PARAMETERS AND FREQUENCIES FOR COMPONENTS OF THE MIXTURE

1: 0.712   -2.046  +11.371

1.068    5.440

2: 0.288   +1.757  +20.956

0.949    7.198

We see above that the two components are associated with fractions of
approximately 0.7 and 0.3 of the training cases, as expected from the
way the data was generated.  For each component, the two offset
parameters, giving the Gaussian means, are shown on the first line,
and the standard deviation parameters on the following line.  These
component parameters are approximately what we would expect, but of
course the two Gaussian components cannot perfectly model the actual
distribution.

An infinite mixture model for the density estimation problem.

To more closely approximate the true distribution, we can use a
mixture model with a countably infinite number of Gaussian components.
An infinite mixture is used if we simply omit the argument giving the
number of components in the 'mix-spec' command.  We must also change
the specification for the Dirichlet concentration parameter, preceding
it with an 'x' to indicate that it should be scaled so as to produce a
sensible infinite limit.  In the specification below, the moderate
value of 5 is chosen for this specification in order to indicate that
we believe that a fairly large number of components will have
substantial probability (the other prior specifications are the same
as before):

> mix-spec xrlog.inf 0 2 / x5 0.05:0.5:0.2 10

The 'model-spec' and 'data-spec' commands are the same as before:

> model-spec xrlog.inf real 0.05:0.5:0.5:1
> data-spec xrlog.inf 0 2 / xrdata@1:500 .

The 'mc-spec' command must be altered, however, since it is not
possible to do Gibbs sampling for component indicators when there are
an infinite number of components.  The met-indicators operation is
used instead, with 10 changes being proposed to every indicator:

> mc-spec xrlog.inf repeat 20 met-indicators 10 gibbs-params gibbs-hypers

We can now run the simulation for 100 iteratons (which takes about a
minute and a half on our SGI machine):

> mix-mc xrlog.inf 100

If we now examine the state with 'mix-display', we will find that
quite a few (eg, 20) mixture components are associated with training
cases - though fewer components account for the bulk of the cases.
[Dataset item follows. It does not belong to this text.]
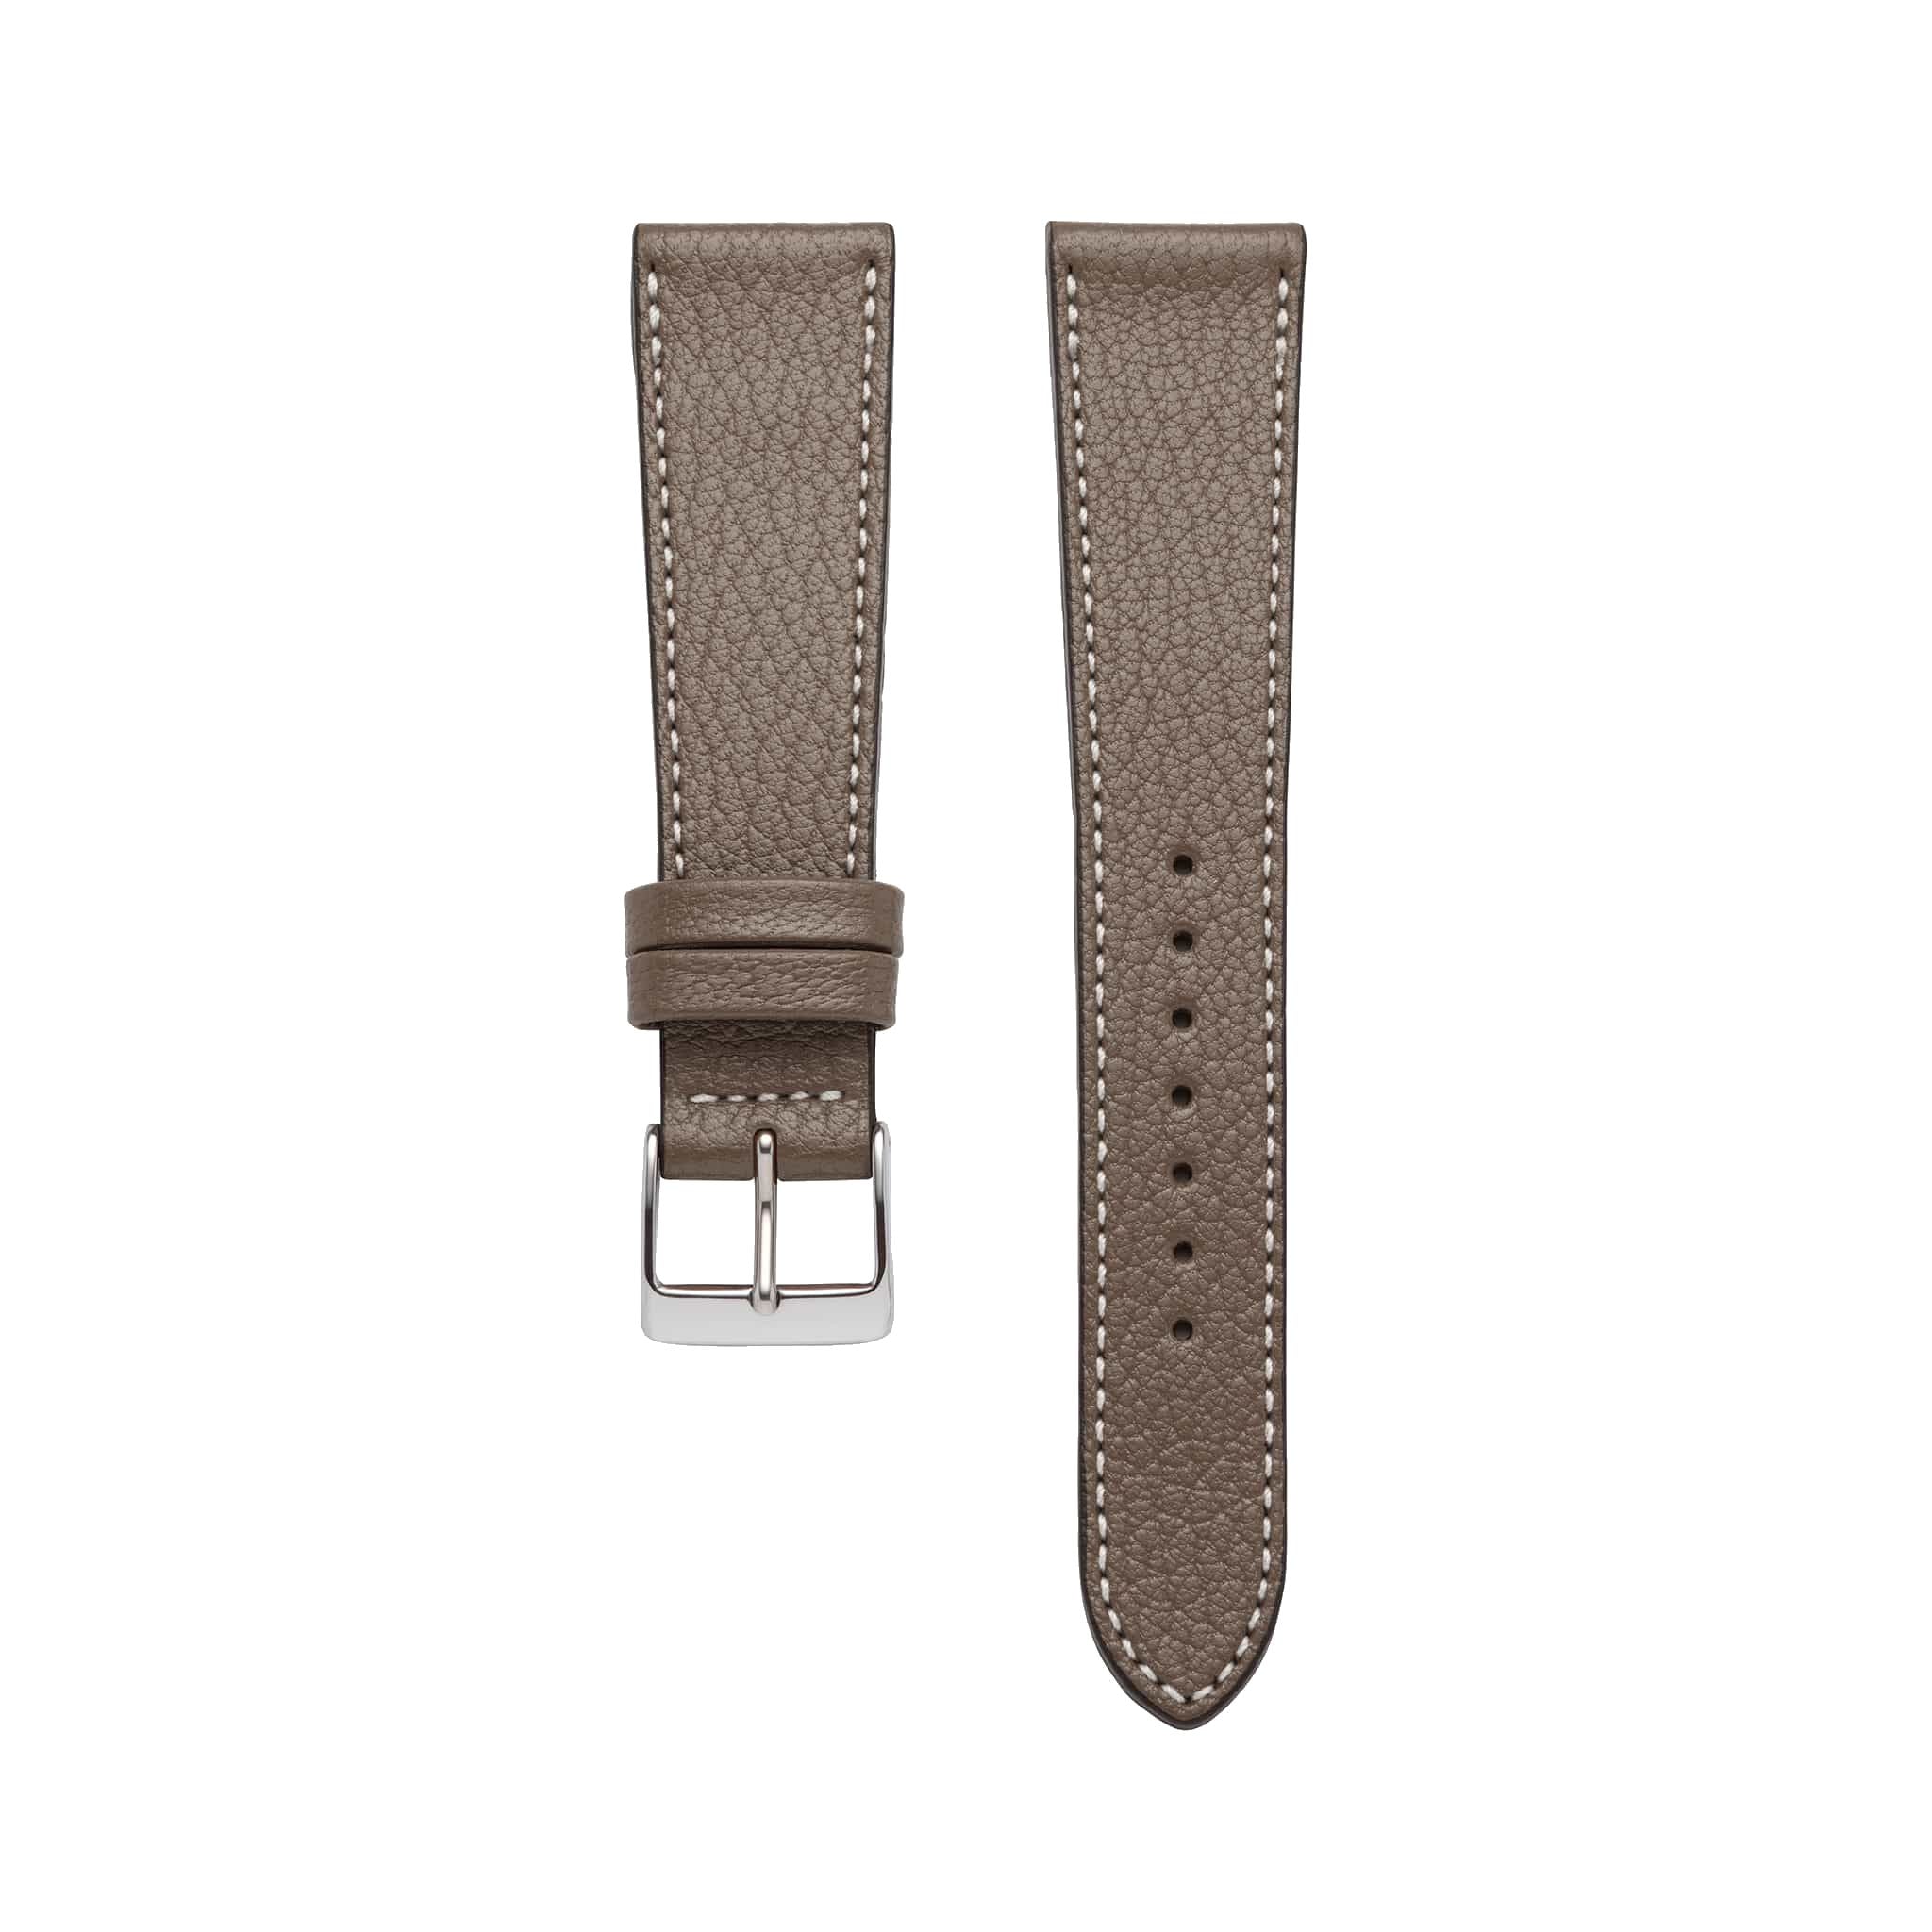 Goat Leather Slim | Armband aus Ziegenleder kompatibel mit Apple Watch-Taupe-BerlinBravo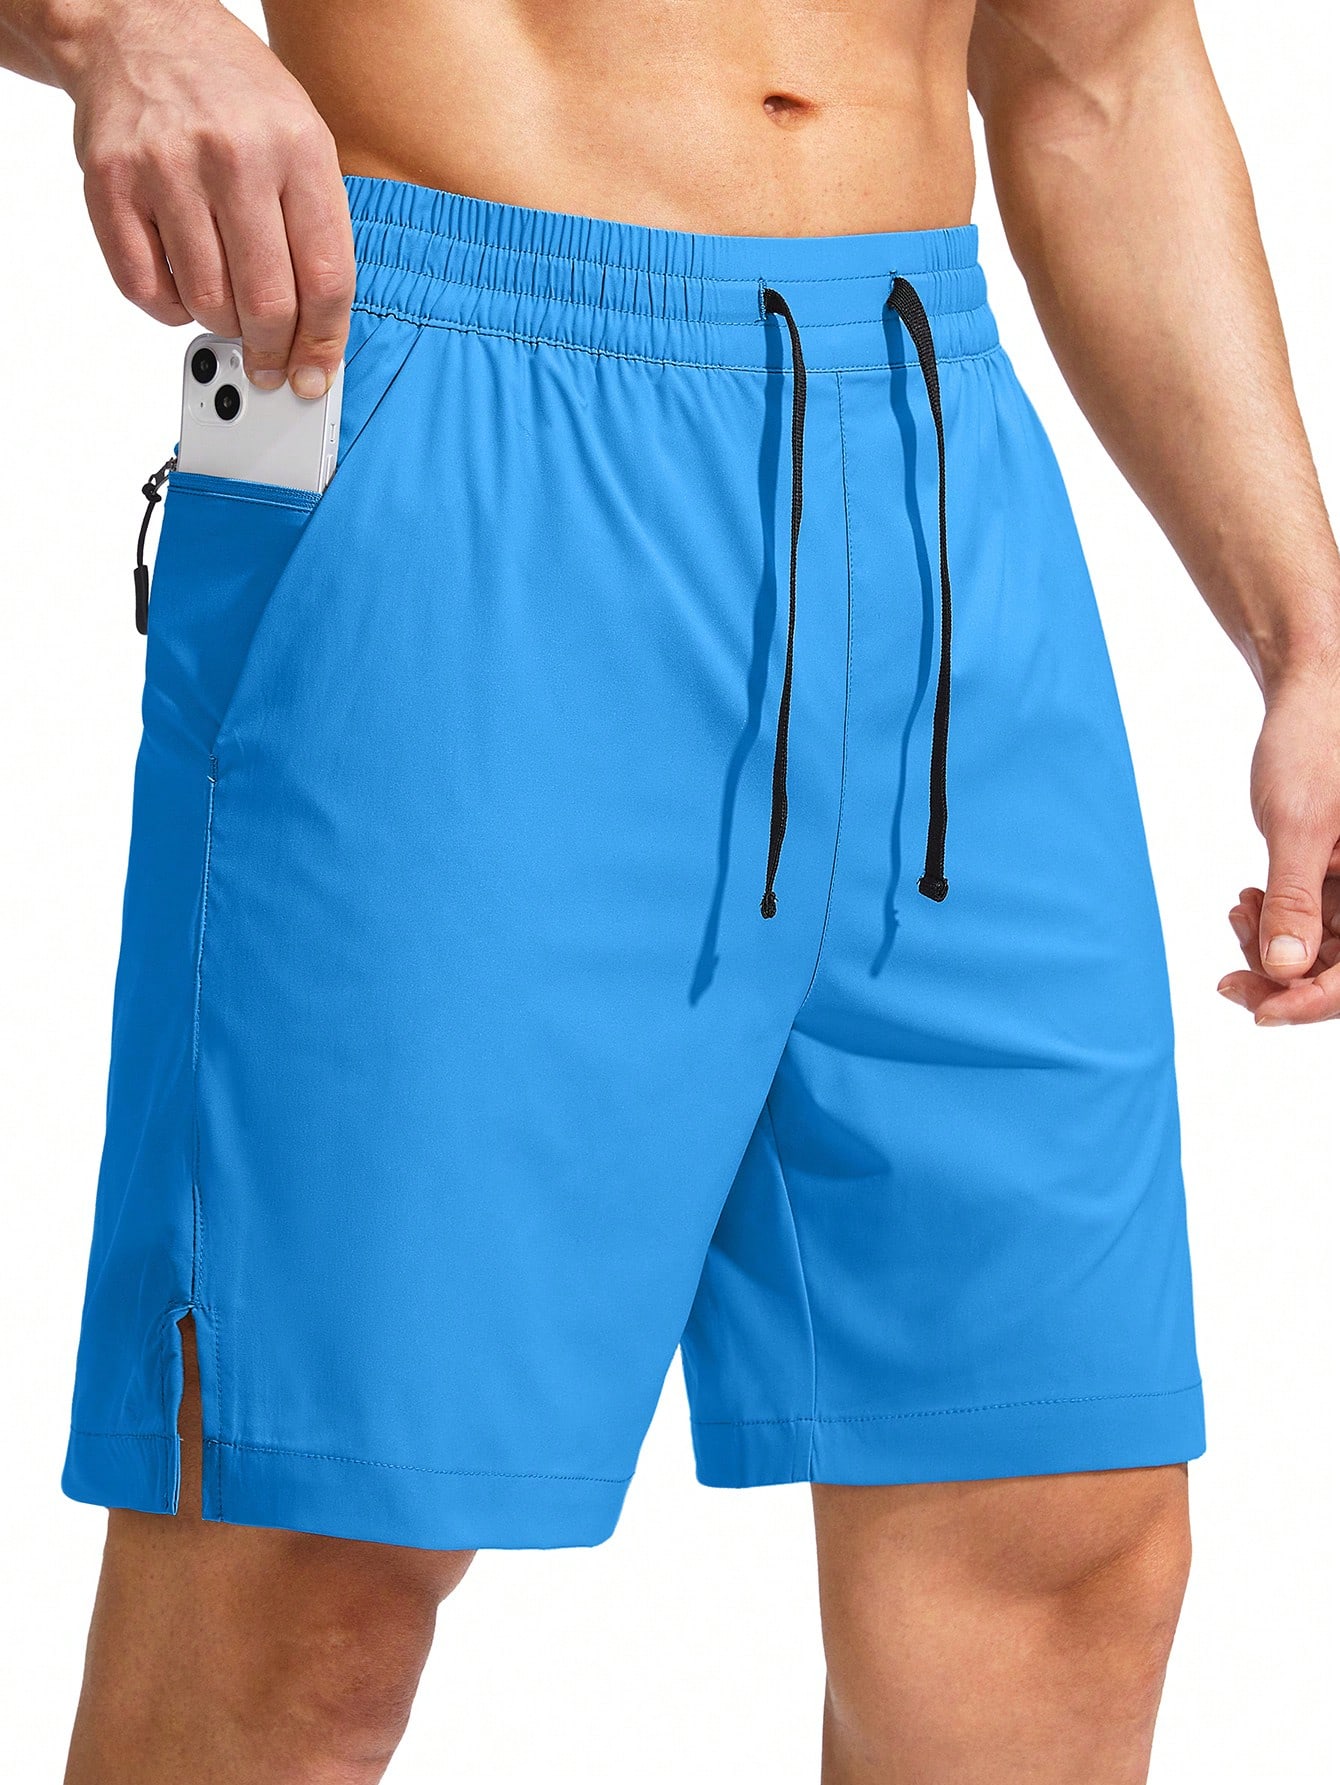 цена G Gradual G Gradual Мужские плавки Быстросохнущий купальный костюм Пляжные шорты для мужчин с карманами на молнии и сетчатой ​​подкладкой Серые шорты, синий

We can see how well the model has captured the true distribution by
generating a sample of cases from a distribution drawn form the
posterior, as represented by the state at a particular interation.  We
do this as follows:

> mix-cases xrlog.inf 100 new 1000

This command generates 1000 new cases based on iteration 100, and
stores them (one per line) in the file "new".  We can now use a plot
program to view a scatterplot of the data in "new", and compare it
with a scatterplot of data from the actual distribution.  Note that
the data in "new" is taken jointly from one example of a distribution
from the posterior distribution.  If 'mix-cases' is called for another
iteration, it will produce data from a different distribution from the
posterior, which in general could be quite different.  This variation
represents the uncertainly regarding the true distribution that
remains when only a finite amount of training data is available.  A
representation of the predictive distribution for a single new data
point, which is the average of distributions drawn from the posterior,
could be obtained by combining the output of 'mix-cases' for a number
of iterations.